Powiedzieli po meczu Widzewa z Legią

Jan Urban

trener Legii

Piotrek Giza bardzo cieszył się, że w końcu strzelił bramkę. Ale jak ja się cieszę! Teraz będzie mu się grało łatwiej. A bramka, która dała zwycięstwo cieszy podwójnie. Wiedzieliśmy, że czeka nas w Łodzi bardzo trudne spotkanie. Mecze Legii z Widzewem zawsze są zacięte. Dodatkowo kibice obu drużyn nie darzą się sympatią. Dzisiejszy mecz był agresywny, było dużo walki. Widzew lubi grać pressingiem. W pierwszej połowie mecz był wyrównany. W drugiej nasza przewaga wzrosła, coraz częściej dochodziliśmy do sytuacji strzeleckich.

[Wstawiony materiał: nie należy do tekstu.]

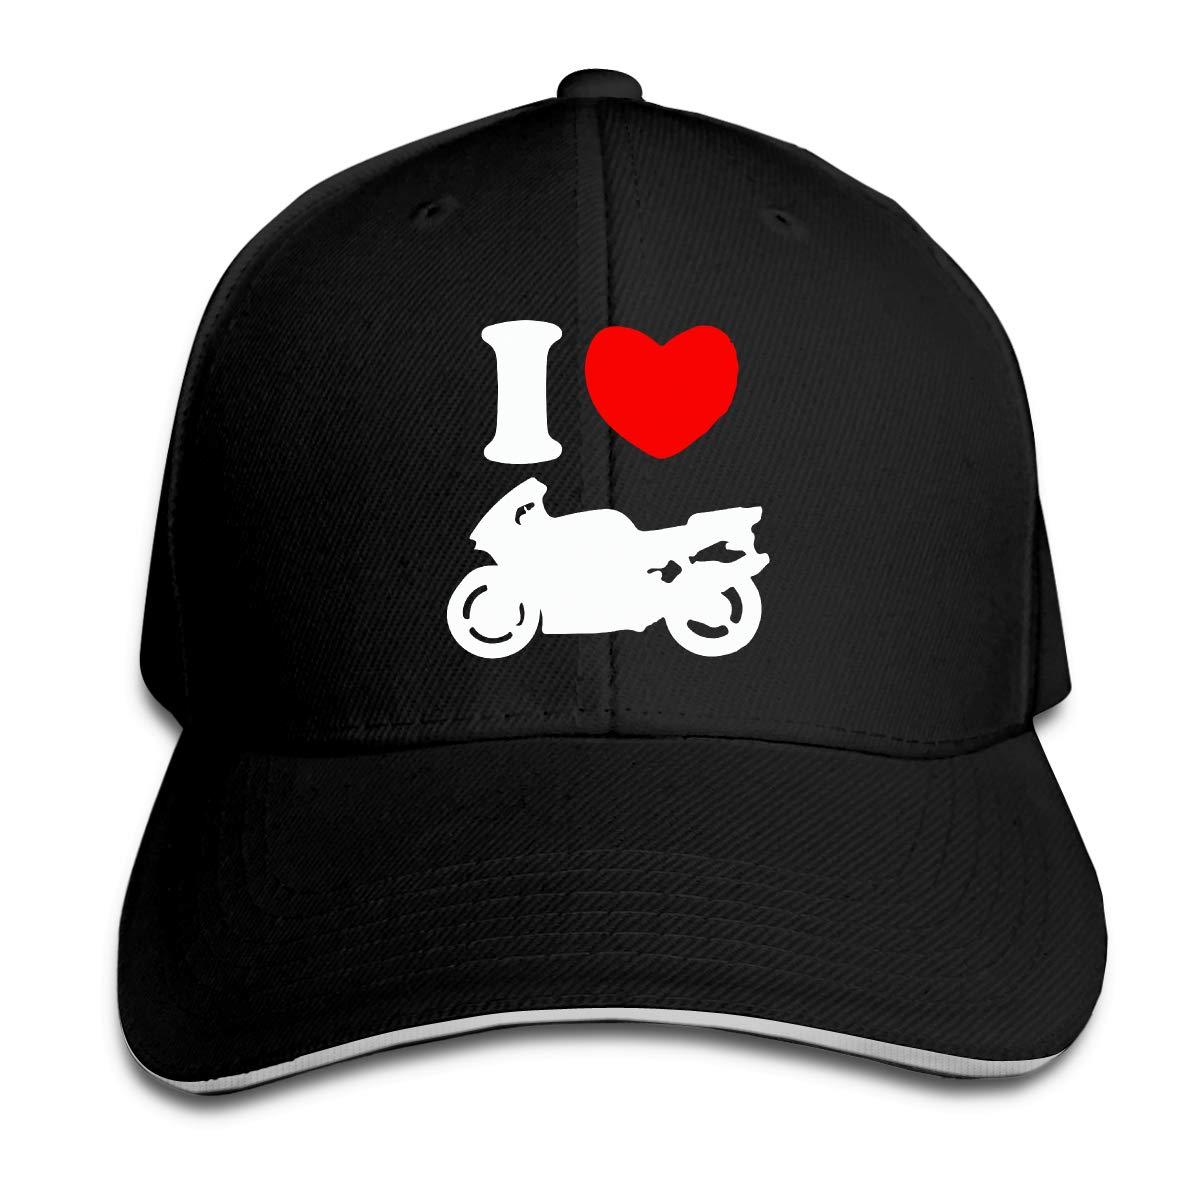 I Heart Love Sport Bike Outdoor Snapback Sandwich Cap Adjustable Baseball Hat Hip Hop Hat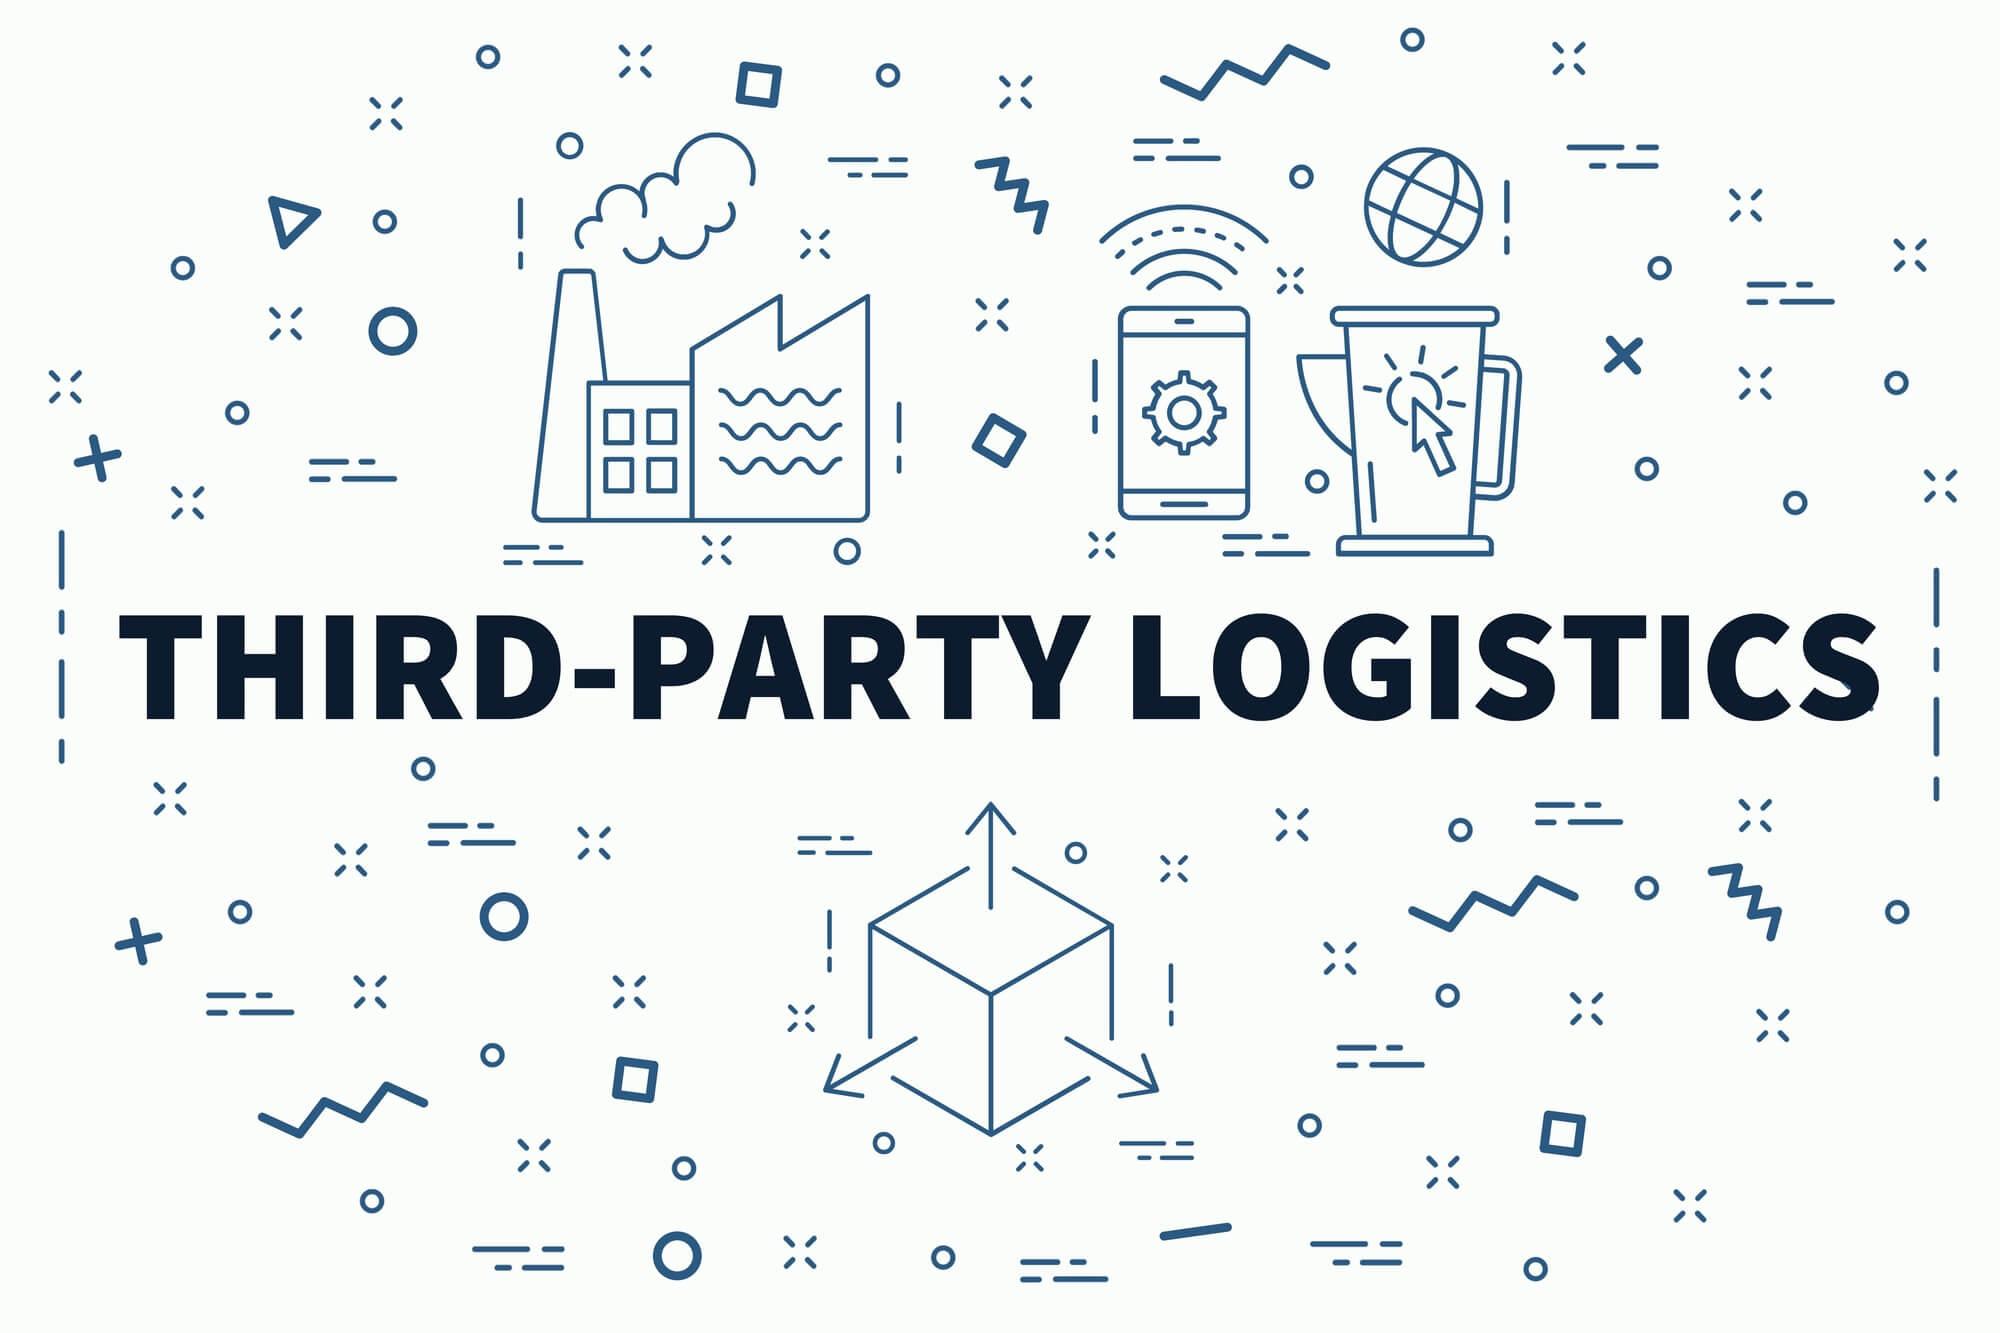 3rd Party Logistics

Cieszę się z postawy Kuby Wawrzyniaka, który wreszcie zagrał na swojej pozycji. W takich meczach, gdy gra się przeciwko swojemu byłemu klubowi, gdy wrogo są nastawieni kibice najlepiej widać, czy zawodnik radzi sobie ze stresem. Kuba sobie poradził.

Marek Zub

trener Widzewa

W przeciwieństwie do trenera Urbana moje odczucia są zupełnie inne. Przegraliśmy bardzo szczególny mecz, bo kibice do tych spotkań podchodzą w szczególny sposób. Przegraliśmy, bo Legia jest zespołem klasowym i potrafi z zimną krwią wykorzystać każdy błąd jaki się pojawi. Włożyliśmy w ten mecz dużo zaangażowania i ambicji. O wyniku zadecydował jeden błąd. Na dodatek było to w końcówce i nie mieliśmy już czasu, żeby poszukać bramki wyrównującej. To, że Napoleoni dziś nie zagrał wynikało tylko i wyłącznie ze względów sportowych. Ja podjąłem taką decyzję. Chciałem wprowadzić go w drugiej połowie, ale ze względu na wymuszoną zmianę musiałem zmienić plany.

Aleksandar Vuković

pomocnik, kapitan Legii

Biorąc pod uwagę, że strzeliliśmy gola w końcówce można mówić, że było przy tym sporo szczęścia. Ale w drugiej połowie byliśmy zdecydowanie lepsi i zasłużenie wygraliśmy. Pierwsza część meczu była wyrównana, nic wielkiego się nie działo. Z przebiegu gry o jedną bramkę byliśmy lepsi. Bardzo cieszyłem się, że to Piotrek Giza strzelił bramkę. Myślę, że tak się cieszyłem tylko ze swojej bramki. Cały zespół przyjął gola Piotrka z wielką radością. Nie mógł wybrać lepszego momentu. Różnica zdań z Jankiem Muchą? Nie będę tego komentować.

Piotr Giza

pomocnik Legii, strzelec gola

W końcu udało mi się trafić do siatki. Po tylu miesiącach. Akurat przed świętami i w swoim setnym ligowym występie. Wszyscy bardzo wypominali mi tę nieskuteczność. Może wreszcie przestaną. Co do meczu to pierwszą połowę przespaliśmy. W pierwszej połowie w ogóle nie stwarzaliśmy sytuacji. W drugiej było już kilka fajnych akcji. Oczywiście patrzymy na to co robi Groclin, ale jak będziemy wygrywać to odpowiednie miejsce w tabeli przyjdzie samo.

Jakub Wawrzyniak

obrońca Legii, wcześniej Widzewa

Łódzcy kibice bardzo starali mi się dziś dopiec. Widocznie byłem tu kimś, bo gdybym był mało znaczącą postacią to nawet by nie zauważyli, że gram teraz w Legii. Bardzo się cieszę z wygranej.

Marcin Burkhardt

pomocnik Legii

Widzew to bardzo ciekawy zespół. W tej rundzie grają inaczej niż na początku sezonu, agresywniej, więcej pressingiem i z tym elementem mieliśmy trochę problemów. Giza wreszcie się odblokował i w szatni cieszyliśmy się z tego. Piotrek miał sporo czasu w tej sytuacji i mogły przychodzić mu różne rzeczy do głowy, ale na szczęście podjął właściwą decyzję i zapewnił nam trzy punkty. Mam nadzieję, że w kolejnych spotkaniach też będzie strzelał.